In order to understand the uncertain nonlinear pattern of heavy metal elimination using different treatment procedures, numerous artificial intelligence models have been established. Neural networks, logic, regression, and hybrid models are some of these models. Moreover, these models have been compared to a variety of conventional models, such as mathematical, isothermal, statistical, empirical, and physical models [15]. To model and optimize contamination removal approaches, these classical tools need to identify a goal for each group of input variables; hence, the target can change while the other variables remain constant at the same time [16]. Since these surrogate models have primarily been used for adsorption systems with a single pollutant, it is essential to extend their application to the prediction and modeling of adsorption systems with several adsorbates, or multi-component adsorption. Through the use of adsorption systems, scientific and practical models that utilize numerical computational approaches, such as artificial neural networks (ANNs), can greatly enhance the wastewater treatment process generally [17].

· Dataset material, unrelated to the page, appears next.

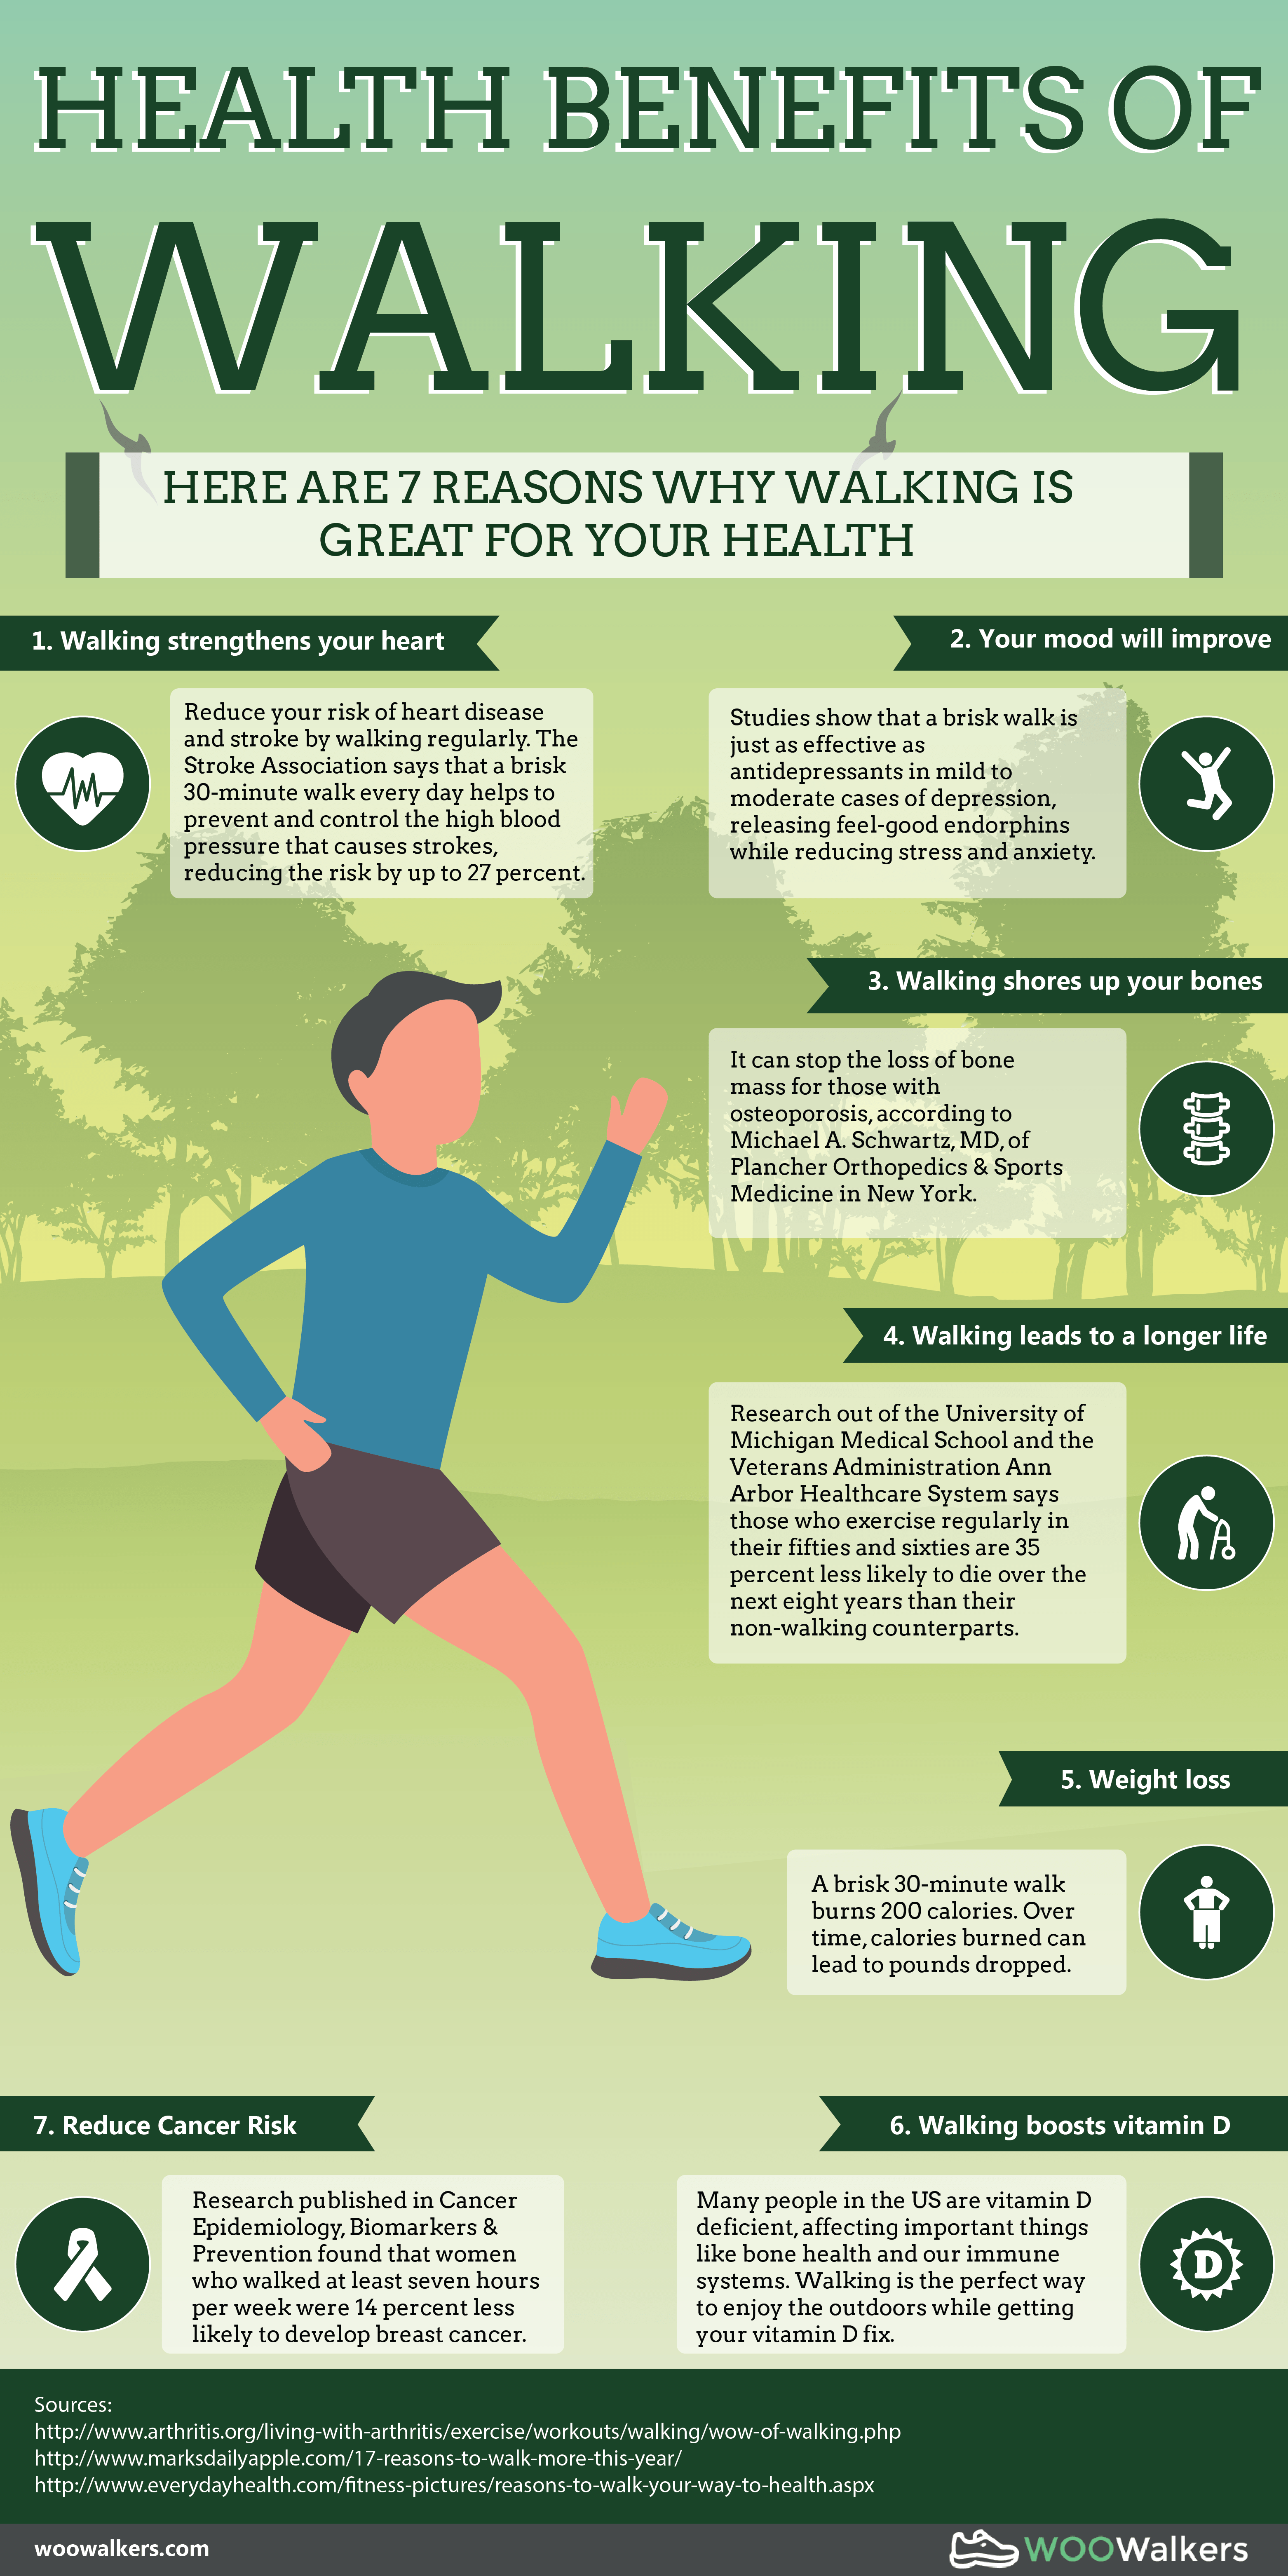 research on walking

Every year, the tides throw a significant amount of seaweed onto beaches. These organic natural resources are handled as domestic waste since they are waste materials. As of now, researchers have employed a variety of materials to investigate the efficacy of removal from aqueous solutions [18]. Sargassum fusciformis (brown algae), Codium decorticatum (green algae), and Hypnea valentiae (red algae) were the seaweeds found around the coast that were selected for this investigation due to their component availability. The goal of this study is to develop a mixed seaweed biosorbent that can effectively remove cadmium (II) ions from aqueous solutions. The study assessed the impact of various parameters on the removal efficiency. The metal removal mechanism and kinetic parameter estimates were determined by kinetic experiments. Thermodynamic studies were used to confirm the sorption's nature and feasibility. Additionally, analysis and optimization of the ANN model were conducted to predict the mixed sorbent's efficiency in removing Cd (II).